Japanese manga artist (1936–2024)

Kazuo Umezu or Kazuo Umezz (楳図 かずお, Umezu Kazuo) was a Japanese manga artist, musician and actor. Starting his career in the 1950s, he is among the most famous artists of horror manga and has been vital for its development, considered the "god of horror manga". In 1960s shōjo manga like Reptilia, he broke the industry's conventions by combining the aesthetics of the commercial manga industry with gruesome visual imagery inspired by Japanese folktales, which created a boom of horror manga and influenced manga artists of following generations. He created successful manga series such as The Drifting Classroom, Makoto-chan and My Name Is Shingo, until he retired from drawing manga in the mid 1990s. He was a public figure in Japan, known for wearing red-and-white-striped shirts and doing his signature "Gwash" hand gesture.

== Life and career ==

=== Early life and career ===
Umezu was born on September 3, 1936, in Kōya, Wakayama Prefecture, but raised in the mountainous Gojō, Nara Prefecture. His mother motivated him to start drawing when he was seven years old. His father would tell him local legends about ghost and snake women before going to bed. He was inspired to start drawing manga by reading Osamu Tezuka's Shin Takarajima in fifth grade. He was part of a drawing circle with others called "Kaiman Club".

In 1955, he published his first manga at the age of 18 with Mori no Kyōdai based on the fairytale Hansel and Gretel with the kashihon publisher Tomo Book. He would soon shift towards the gekiga movement and publish manga in the kashi-hon industry in Osaka of the time, which would allow him more freedom than serializing his manga in magazines. His specialty was to include paranormal elements in his stories. At the same time, he also started working on shōjo manga; he published in the magazine Shōjo Book and the kashi-hon anthology Niji.

=== Breakthrough in the 1960s and 1970s ===
After moving to Tokyo in 1963 due to the decline of the kashihon industry, he developed his specific style, which blended the aesthetics of shōjo manga with grotesque horror visuals and broke with conventions of shōjo manga at the time. Horror manga like Nekome no Shōjo and Reptilia became a hit in the commercial shōjo manga magazine Shōjo Friend in the mid 1960s.

In the late 1960s, he also started publishing in shōnen manga magazines and he switched publishing houses, from Kodansha to Shogakukan, when a new editor asked him to draw something other than horror manga. He became a well established author and was at times working at up to five serials at the same time. In 1974 he won the 20th Shogakukan Manga Award for his series The Drifting Classroom about a school including its schoolchildren and teachers being teleported into an alternate post-apocalyptic universe.

In 1975, Umezu started becoming a public figure also apart from creating manga. He recorded songs based on his horror manga and released them as the solo album Yami no Album.

His comedy manga Makoto-chan, which he published from 1976 to 1981 in Weekly Shōnen Sunday, became a hit. The hand gesture "Gwash" from the manga became Umezu's own trademark hand gesture as well in public.

=== Late career ===
In the 1980s and 1990s, he focused on science fiction manga depicting a near future like My Name Is Shingo and Fourteen.

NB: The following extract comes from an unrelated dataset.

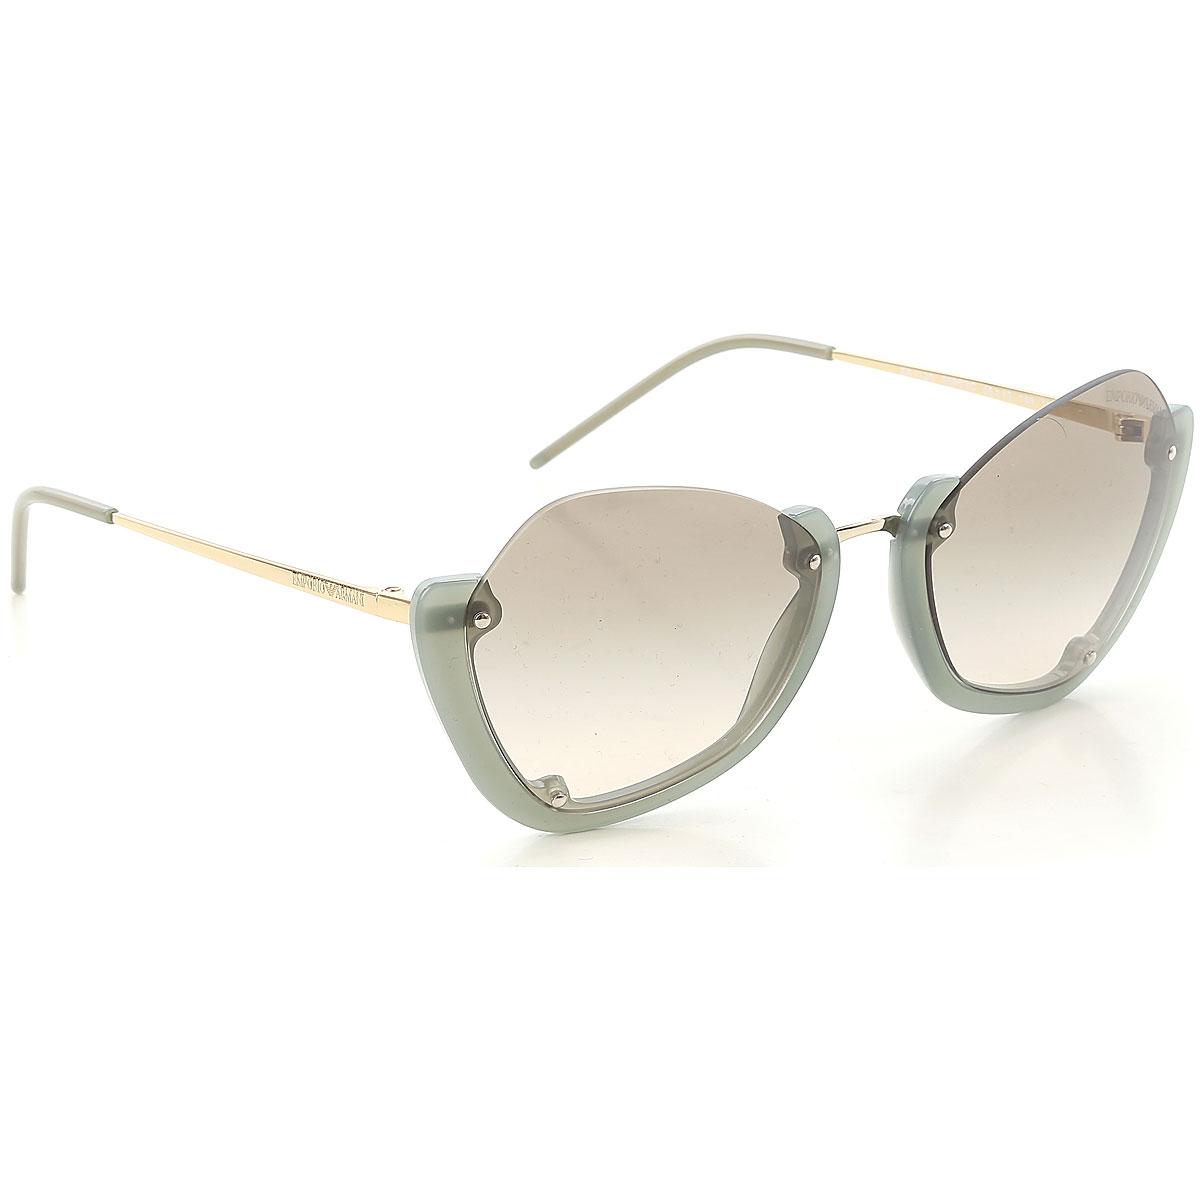 Image of Emporio Armani Sunglasses On Sale, Grey, 2017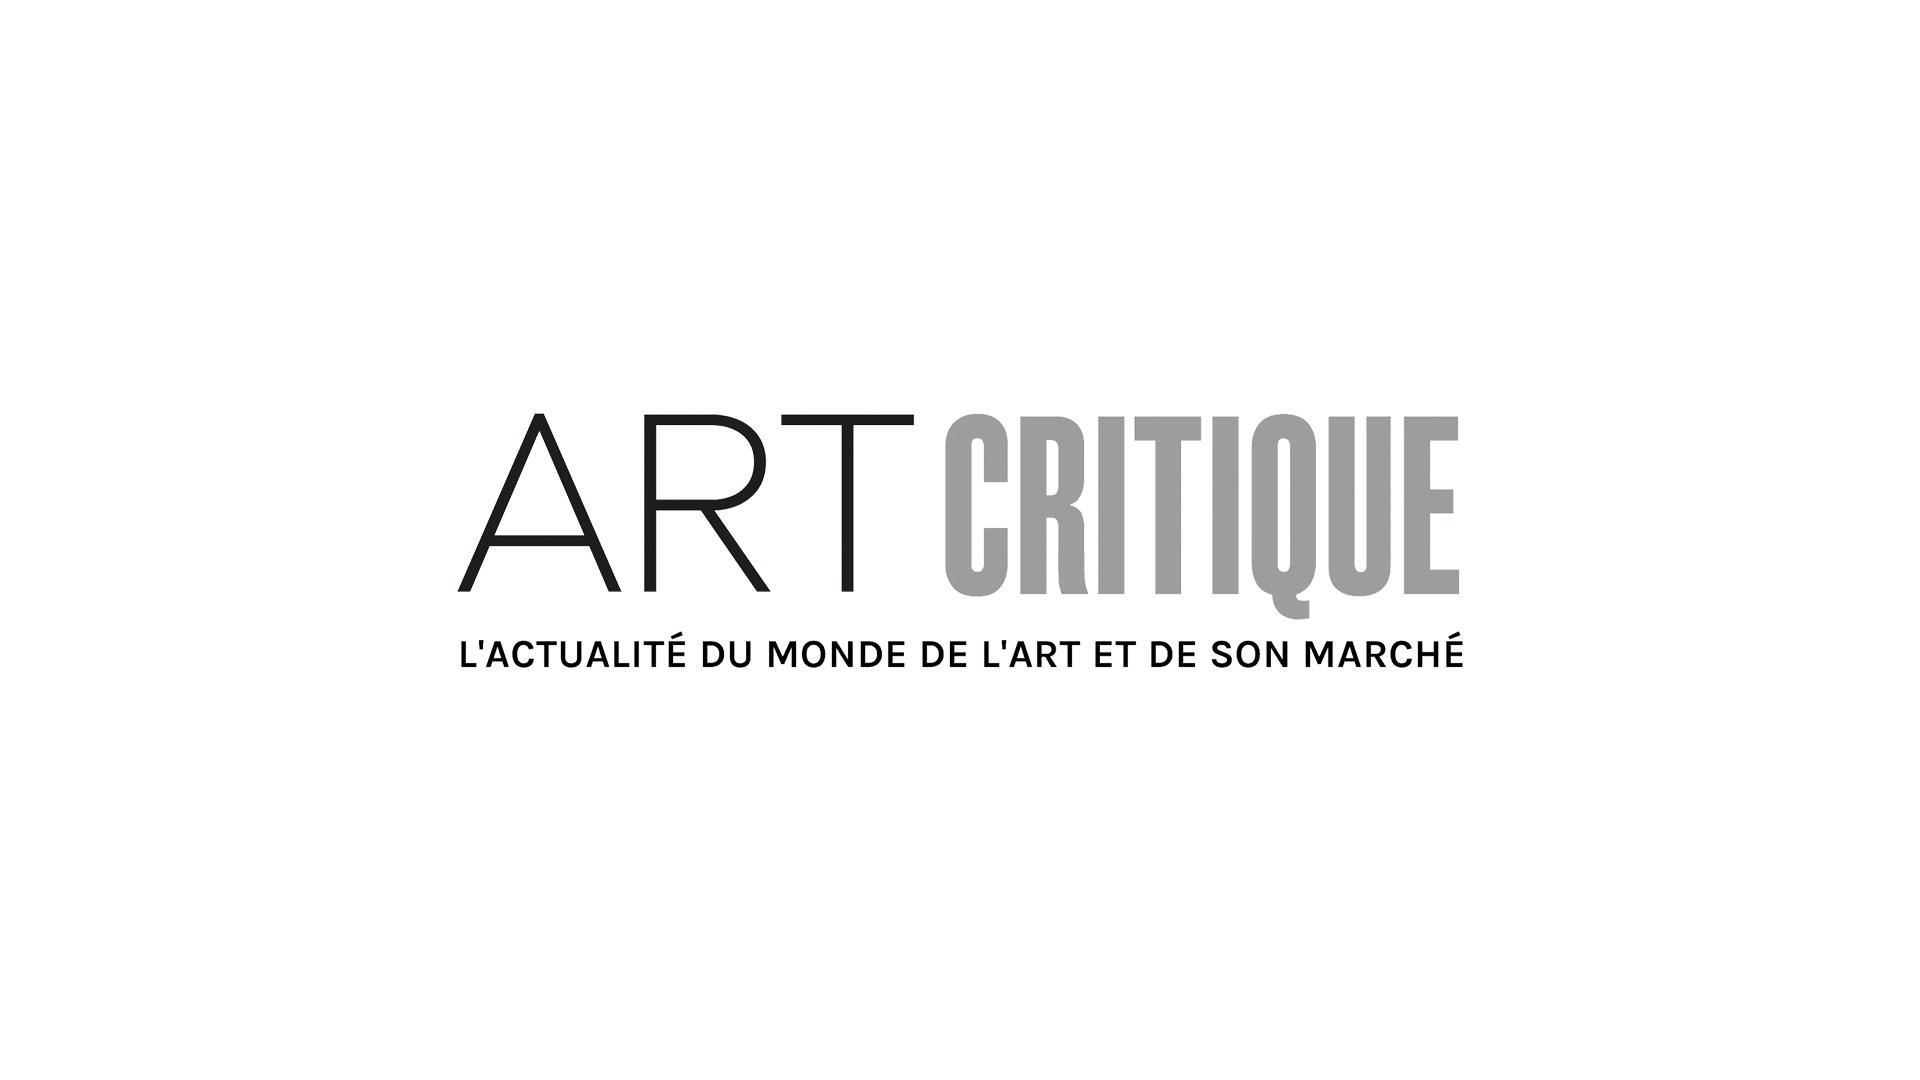 D.C.'s short-lived amendment to censor arts funding

In 1995, he had to retire from regular publishing due to tendinitis after finishing Fourteen. He then became even more of a public figure, appearing regularly on TV in a red and white striped shirt. He was also famous for the architecture of his candy-striped home in Kichijōji, inspired by his Makoto-chan series. In 2011, he released a second music album with his songs.

In 2018 he was awarded the Prize for Inheritance at the Angoulême International Comics Festival for the French translation of My Name Is Shingo. This was the second prize awarded to him throughout his career and Umezu had previously been unhappy about the amount of recognition he had gotten for his work. The award motivated him to start working again and he produced a series of 101 paintings based on My Name Is Shingo, which were exhibited for the first time in 2022 and were his first new work in 27 years.

=== Death ===
In July 2024, Umezu was hospitalized after collapsing at his home in Kichijōji, Tokyo. He was diagnosed with terminal stomach cancer, but did not undergo surgery, remaining in hospice care from September. On November 5, 2024, Shogakukan announced that Umezu died on October 28. He was 88. A private funeral was held by his family and close friends. Umezu was planning a new work prior to his death.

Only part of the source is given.